My mother, who had been talking to the minister, walked over when she saw me putting food on a plate.
“Are you sure you want all that?”
“All what?” I asked, looking at my plate. It held two pieces of cheese, four crackers, half a deviled egg, a tablespoon of potato salad, and a brownie. “The only thing I’ve had today is coffee.”
“Well,” she said grudgingly, “just so you don’t start channeling your grief into food. I’m just saying, you had to work so hard to take off the weight. It’d be a shame if you gained it all back. So many do. The people on that show, the one where they go to that camp and compete to lose all that weight? I read a story just last week saying the winners almost always gain it back.”
“Mom, I’m not going to gain back the weight. I’ve kept it off for thirteen years.”
“I know,” she said, watching nervously as I ate a piece of cheese. “I’m just saying—people do. And you’ve been through a terrible loss. You holding up okay, Grace?”
I nodded. “I’m fine. It’s been hard, but I’m fine.”
“Good.” She put her arm around my waist. “You’ve been so brave, honey. When Jamie had his accident, I didn’t think you’d be able to cope. But you did and I’m real proud of you. You took good care of him.”
My mother, a glass-half-full person, who believed it was important to keep her children from getting “a big head,” was never one to throw away compliments, so her comments surprised me. I was a little curious to know why she thought I might not be able to cope, but decided I was better off not knowing.
“Thanks, Mom.”
“So what are you going to do now?”
“Well,” I said, “my flight leaves out of Minneapolis at eight o’clock tomorrow morning, so I hope I can get on the road before dark. I’d like to get at least a few hours of sleep. There’s a little bit of paperwork I still need to do to get the ashes shipped out to me.”
She tilted her head far to the right. “Shipped? Do you mean you’re not going to bury them here?”
“No.”
“Why not?”
“Because I don’t think that’s what Jamie would want. I talked it over with Penny and Jerry and they agree.”
My mother set her mouth, the way she always does when she’s irritated with something I’ve done. Growing up, I saw that look on her face at least twice a day, sometimes more. It got to the point where I realized that her expression wasn’t even necessarily related to my actions. Sometimes, my mere existence irritated her.

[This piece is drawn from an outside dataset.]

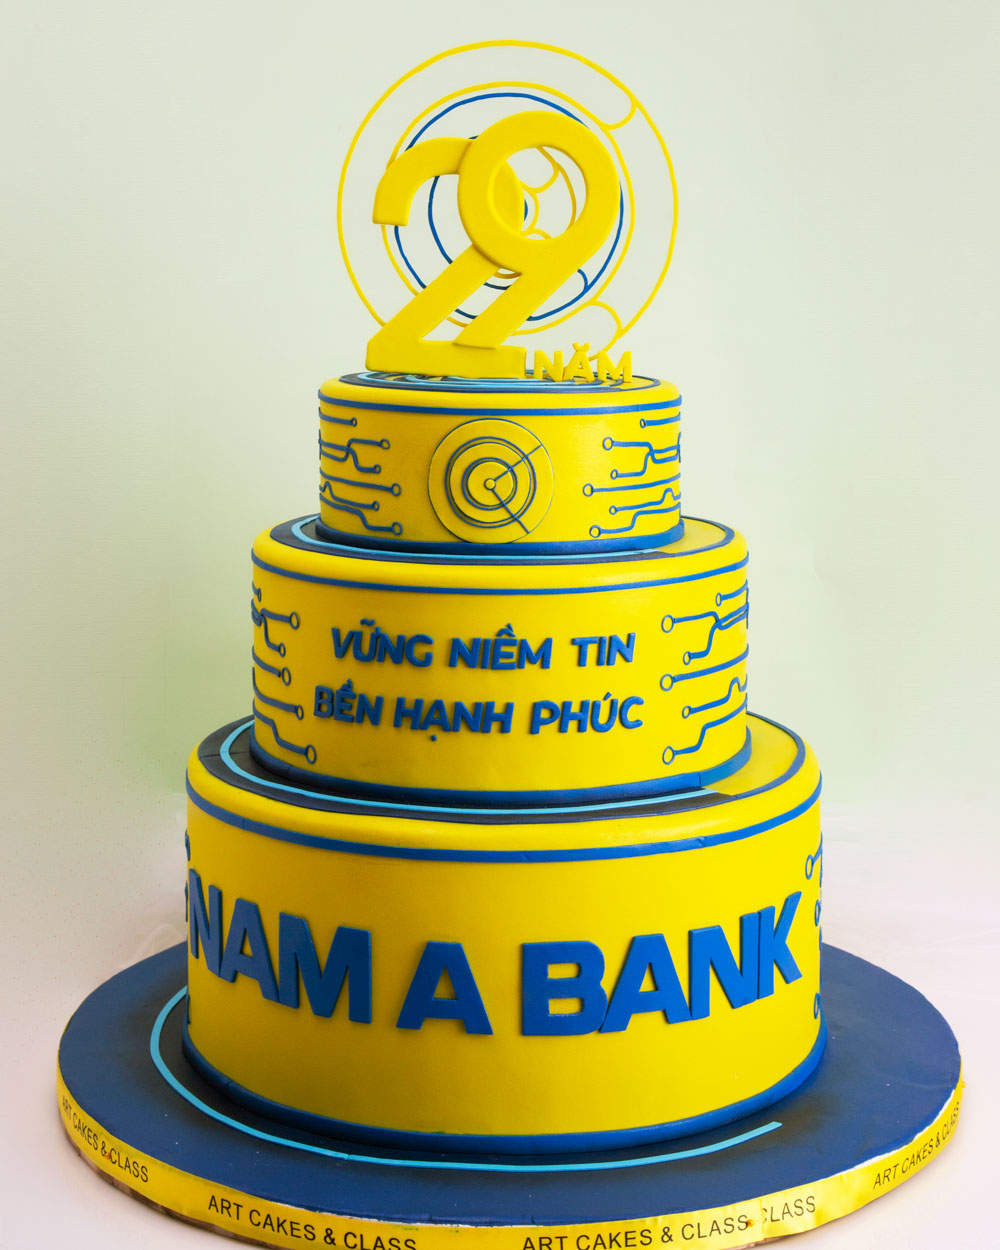 Bạn đang tìm kiếm một món quà đặc biệt để kỷ niệm sinh nhật của nhân viên Nam A Bank? Đừng bỏ lỡ bánh kỷ niệm sinh nhật Nam A Bank với thiết kế độc đáo và hương vị thơm ngon. Bánh sẽ là một món quà đặc biệt và ý nghĩa cho người nhận.

That hurt: I won’t pretend that it didn’t. When I was a kid, I wanted nothing more than to please my mother, but somehow I never could. Jamie said that it wasn’t me, it was my mom; that she was the kind of person who just couldn’t be pleased with anyone. It wasn’t until Jamie and I moved into that little apartment over his folks’ garage and I saw firsthand how a happy family operates that I realized he was right.
It wasn’t my fault. It wasn’t Mom’s either. She wasn’t wired for happiness.
“Grace,” she said impatiently. “Answer my question. What are your plans? When are you coming home?”
“Home? You mean back to Minnesota? Mom, I’m not. My job is in Portland now.”
“And your family is here!” She clicked her tongue and set her mouth yet again. “For heaven’s sake, Grace. You can always find another job. Family is irreplaceable.”
I looked at my mother, the thin woman with the thin smile and the unhappy heart. Then I looked across the room at Nan, whose heart was infinite, who took in strays of all kinds—four-and two-legged—and nurtured by nature, who had swallowed back her greatest fear to fly halfway across the country so I would know she cared, and I realized that my mother was right. Family, wherever you may find it, is irreplaceable.
“I’ll call you when I get to Portland. I’ll be out to visit at Christmas.” I leaned forward and kissed her on the cheek. “I love you, Mom.”